Clinical practice guidelines for the assessment of potential kidney transplant recipients reviewed access to renal transplantation and the evaluation, and selection and preparation of potential transplant recipients (Dudley & Harden, 2011). Nine recommendations for the pre-transplant assessment, evaluation, selection and screening of potential renal transplantation recipients are provided. These include guidelines for patients with cancer and prior testing for viral infections (Dudley & Harden, 2011).

  • Potential recipients of renal transplantation with previous malignancy (excluding non-melanoma skin cancer) should only be considered if there is no evidence of persistent cancer. The recommended waiting time between successful tumour treatment/remission and transplantation should be at least 2 years, and extended to longer than 5 years for some malignancies (Dudley & Harden, 2011).
  • Potential recipients should undergo testing for cytomegalovirus (CMV), Epstein-Barr virus (EBV), varicella zoster virus (VZV), hepatitis B and C and human immunodeficiency virus (HIV) (Dudley & Harden, 2011).

BK virus (BKV) can cause graft dysfunction or failure in kidney transplant recipients and haemorrhagic cystitis in allogeneic HSCT patients. A review by Elfadawy et al. (2018) gives an overview of BK virology, epidemiology, diagnosis and management. BK virus-associated nephropathy (BKVAN) emerged as a common complication in the late 1990s, probably due to the introduction of potent immunosuppressive agents. BKVAN occurred in up to 5% of kidney transplant recipients, with graft failure in up to 70%. Since universal implementation of effective screening and treatment strategies, BKV is no longer a common cause of graft failure and reported graft loss is only 0% to 5%.

A review of international guidelines published between 2001 and 2011 for patients on waiting lists for kidney transplantation identified some inconsistencies between guidelines regarding eligibility criteria (Batabyal et al., 2012).

European Renal Best Practice Guidelines on evaluation of kidney donors and recipients, and perioperative care have recently been published (Abramowicz et al., 2015).

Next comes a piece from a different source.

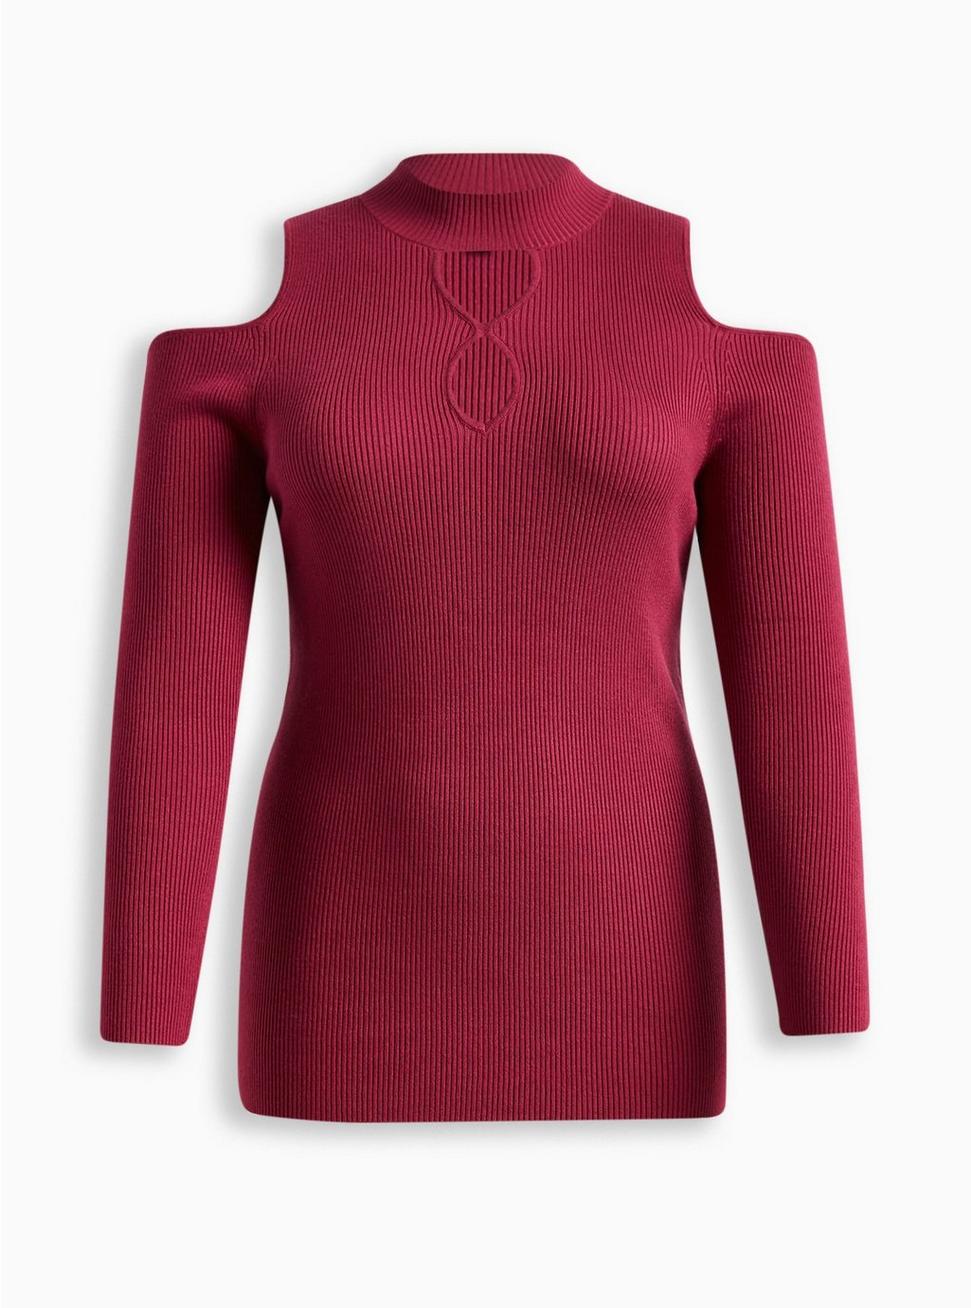 Pullover Mock Neck Cold Shoulder Fitted Sweater, RED, hi-res

The British Transplantation Society has developed guidelines for kidney and/or pancreas transplantation in patients with HIV (British Transplantation Society, 2015).

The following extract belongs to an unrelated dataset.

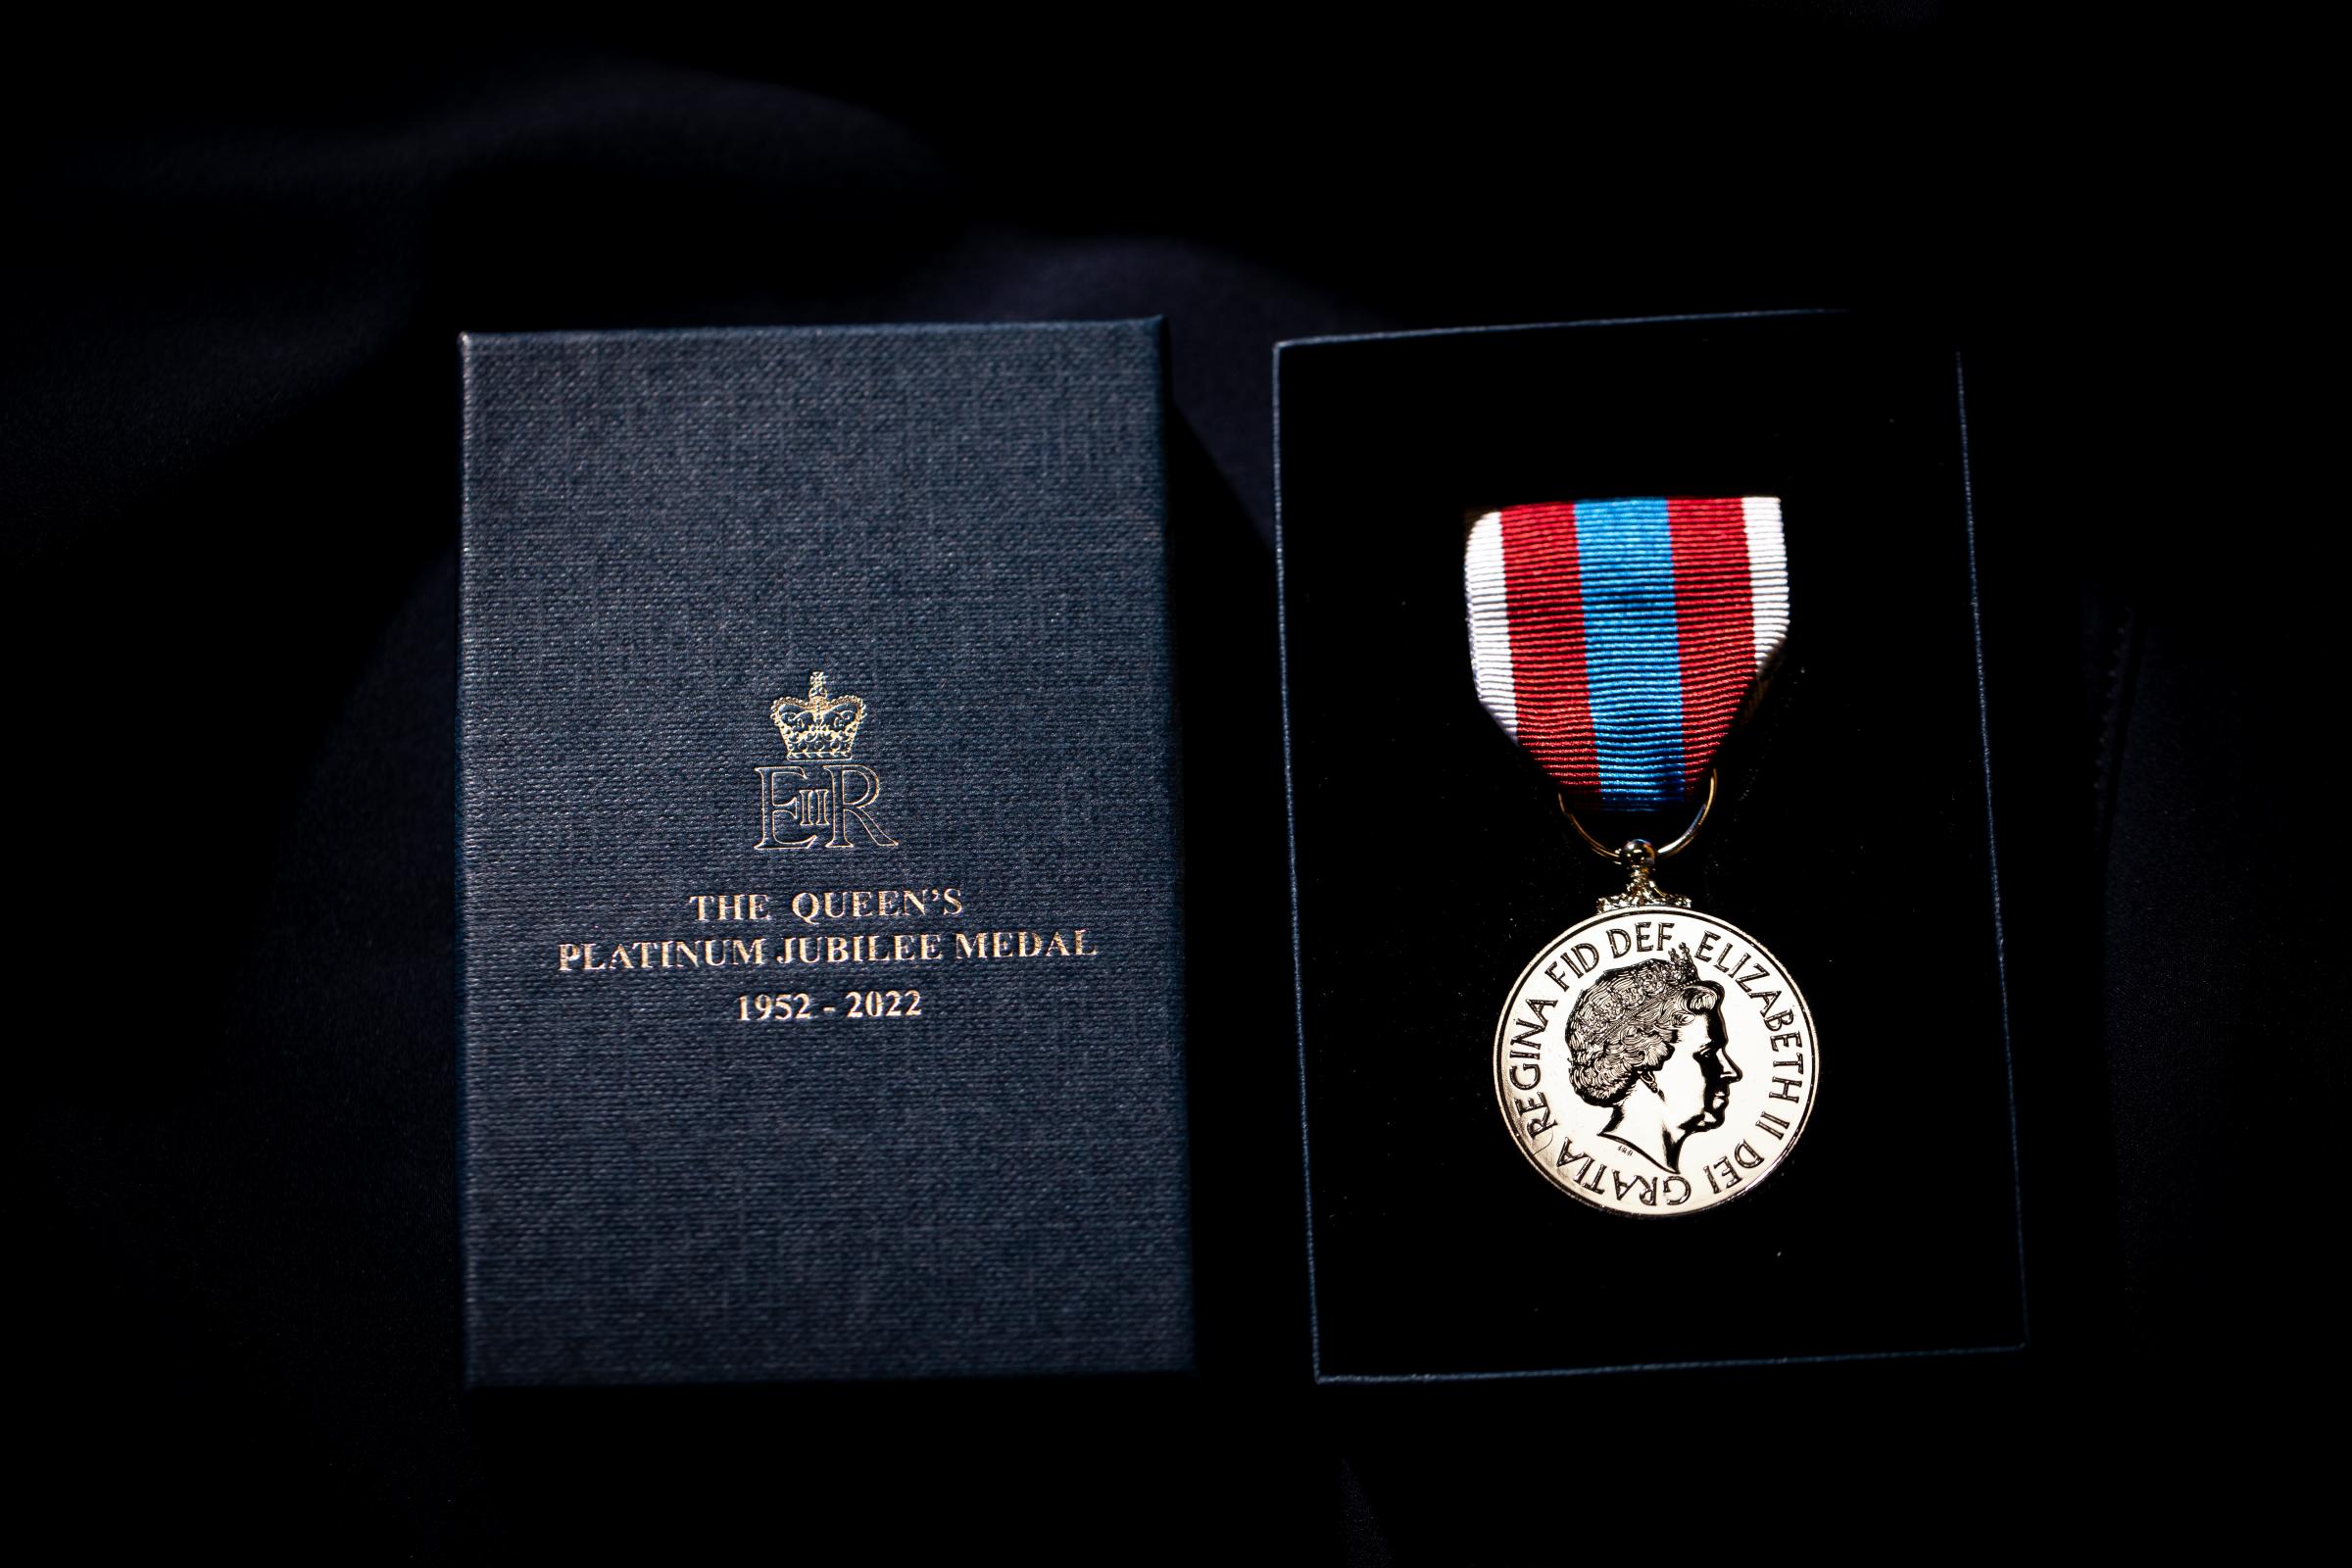 Queen Elizabeth II Platinum Jubilee medal which was awarded to crew members in 2022.

A retrospective study was performed to investigate the effect of higher donor age on graft function and kidney transplantation (Magott-Procelewska et al., 2018). The single-centre study followed 345 adult transplant recipients during the post-transplant course (median, 9.4 years). Fifty-eight patients received kidneys from donors at least 55 years old. An improvement in the estimated glomerular filtration rate at 36 months after transplantation was a good prognostic factor for long-term kidney function. Higher donor age decreased the chance for improvement of kidney function by 2.8% per year of life (p=0.0244). A higher uric acid level was associated with inferior kidney function in recipients of older kidneys while recipients of older kidneys with normal uric acid level presented satisfactory outcomes. The results suggest an important association between older donor age and decreased allograft function in kidney recipients with an elevated uric acid level.